## TRY IT
Within the material below, locate the line with "European Climate Research Alliance" and the line with "HIP HOP 18K", then return those two lines and all lines between them, exactly as written.

## EXTRACTED MATERIAL
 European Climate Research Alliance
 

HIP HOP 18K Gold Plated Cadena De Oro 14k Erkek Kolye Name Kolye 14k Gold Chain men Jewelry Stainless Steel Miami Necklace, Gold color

---

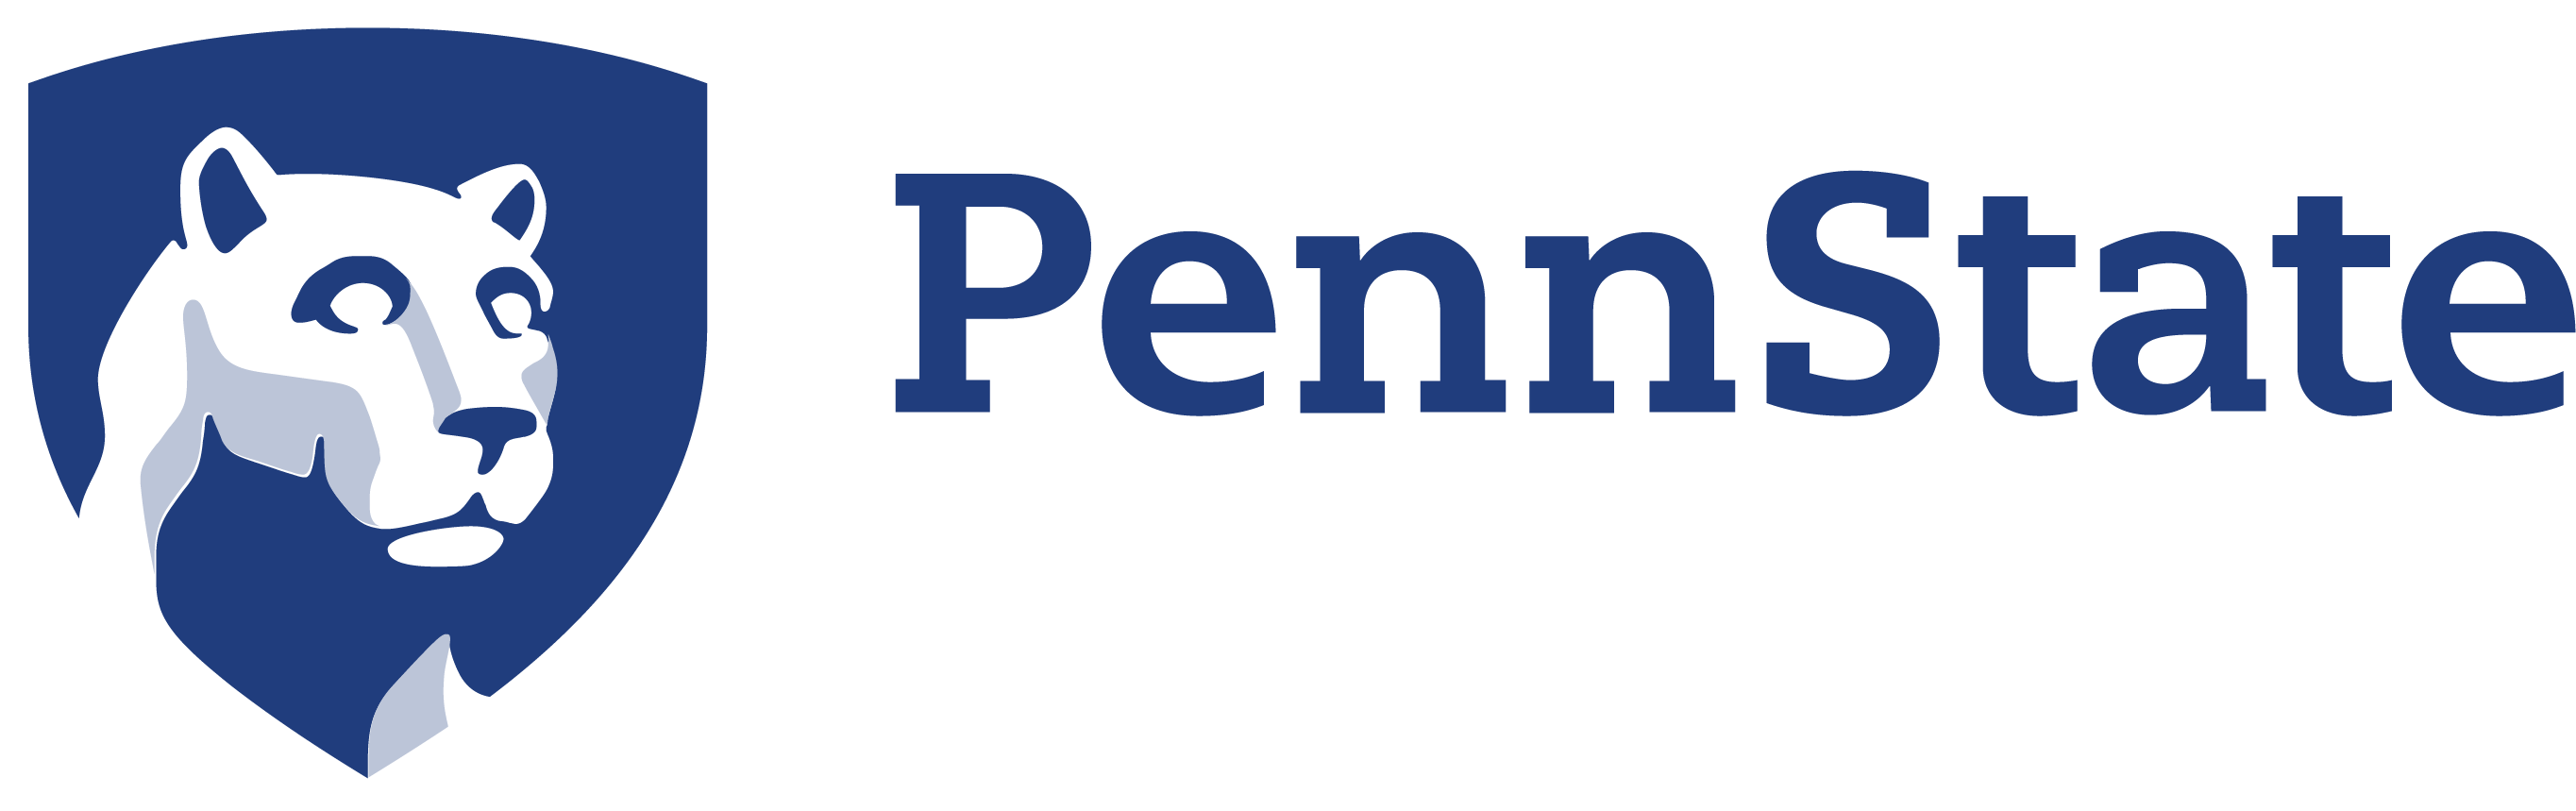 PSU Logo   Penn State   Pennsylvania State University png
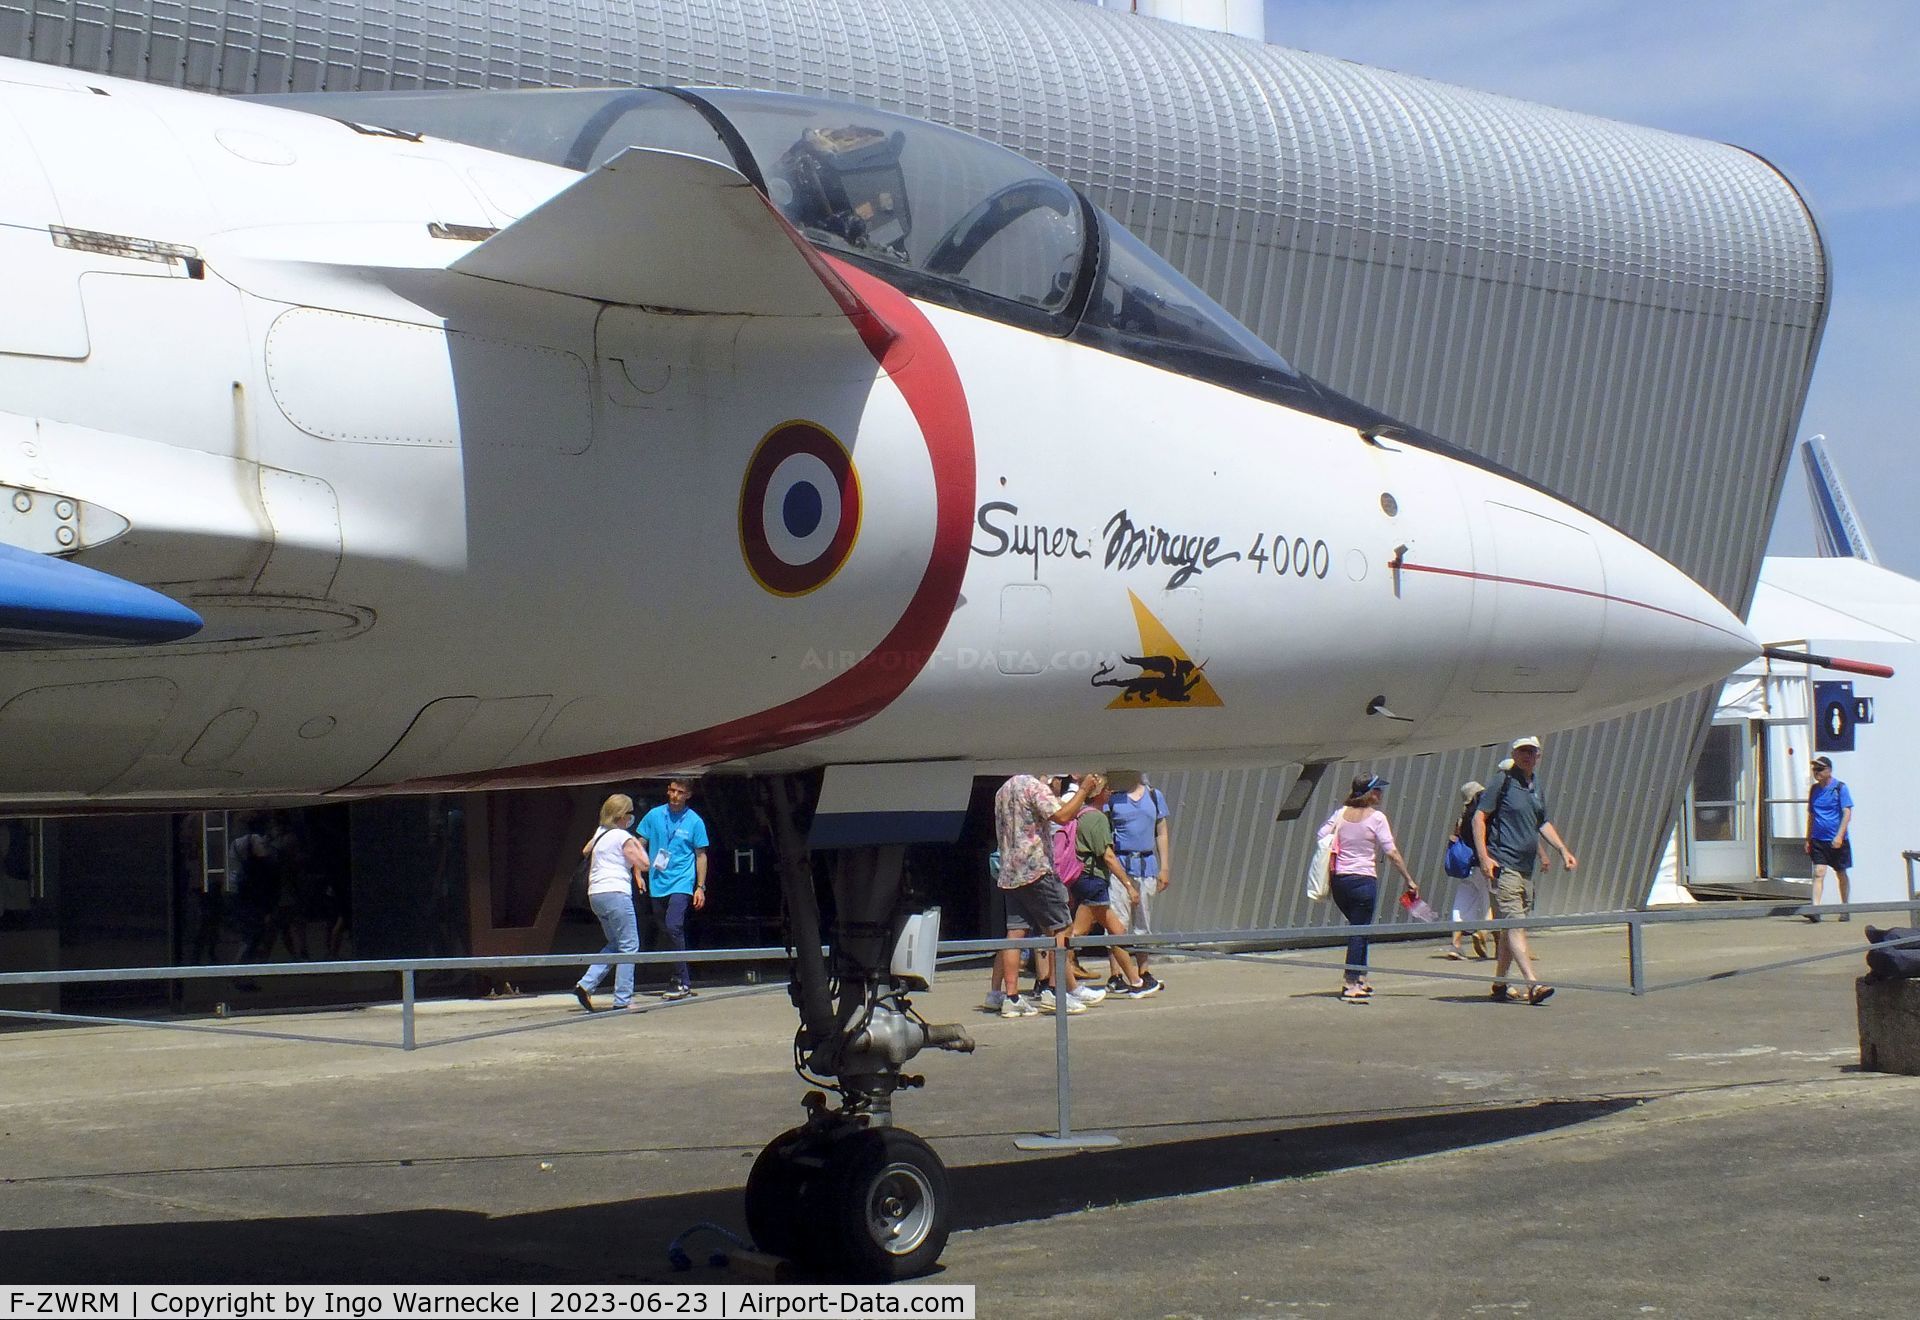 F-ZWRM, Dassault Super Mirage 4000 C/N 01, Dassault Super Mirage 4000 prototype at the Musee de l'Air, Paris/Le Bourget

* * *

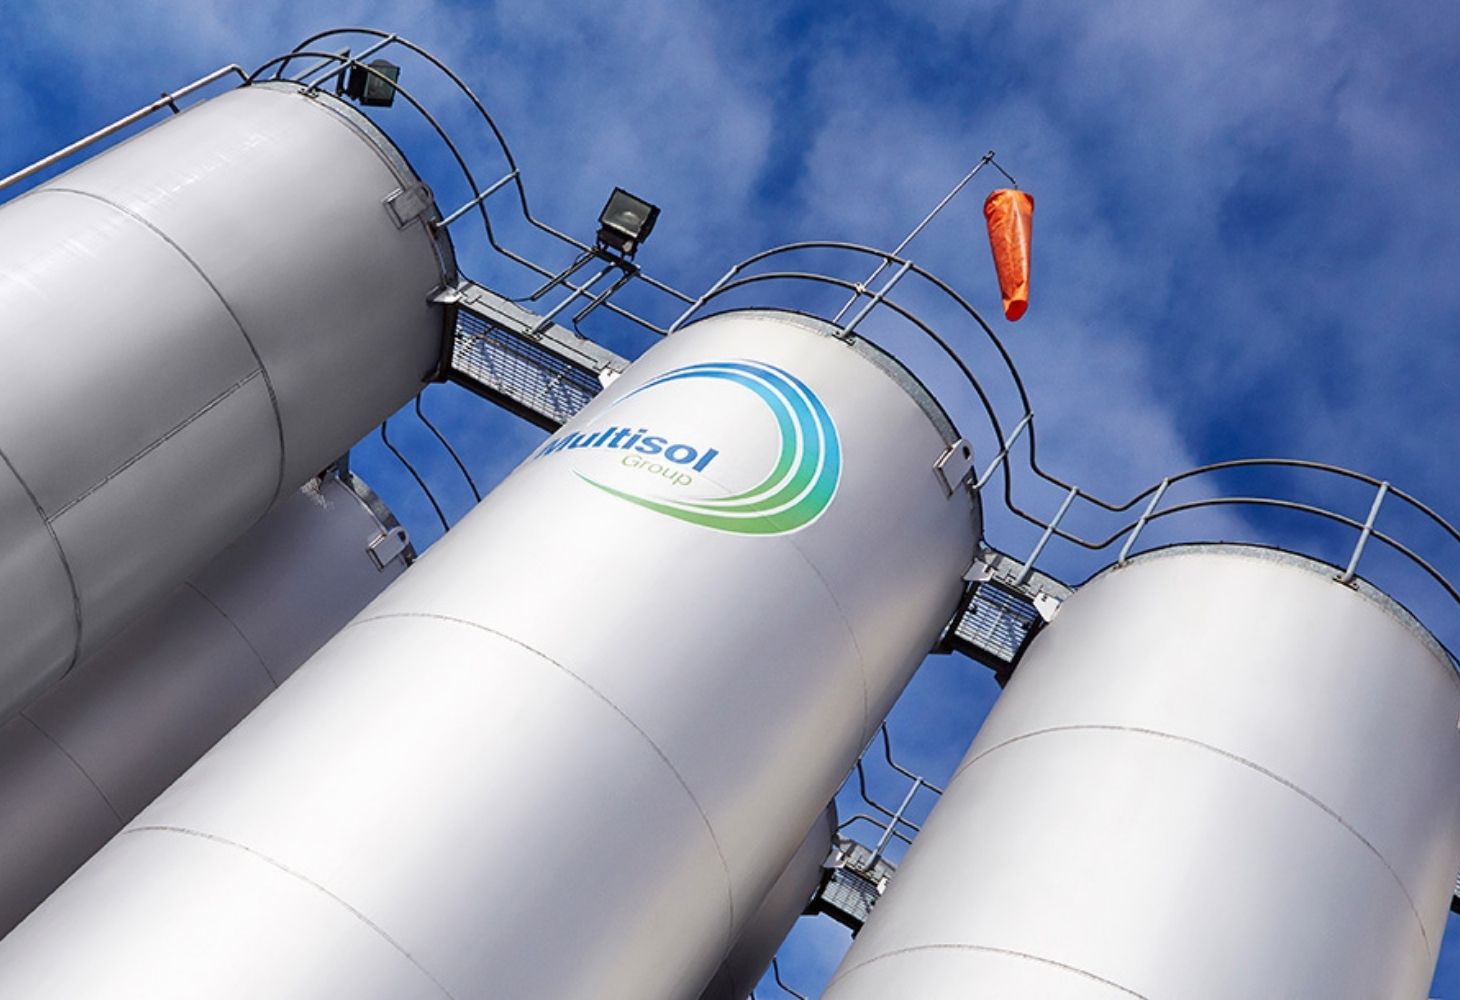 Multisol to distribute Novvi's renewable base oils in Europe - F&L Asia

## YOUR RESPONSE
 European Climate Research Alliance
 

HIP HOP 18K Gold Plated Cadena De Oro 14k Erkek Kolye Name Kolye 14k Gold Chain men Jewelry Stainless Steel Miami Necklace, Gold color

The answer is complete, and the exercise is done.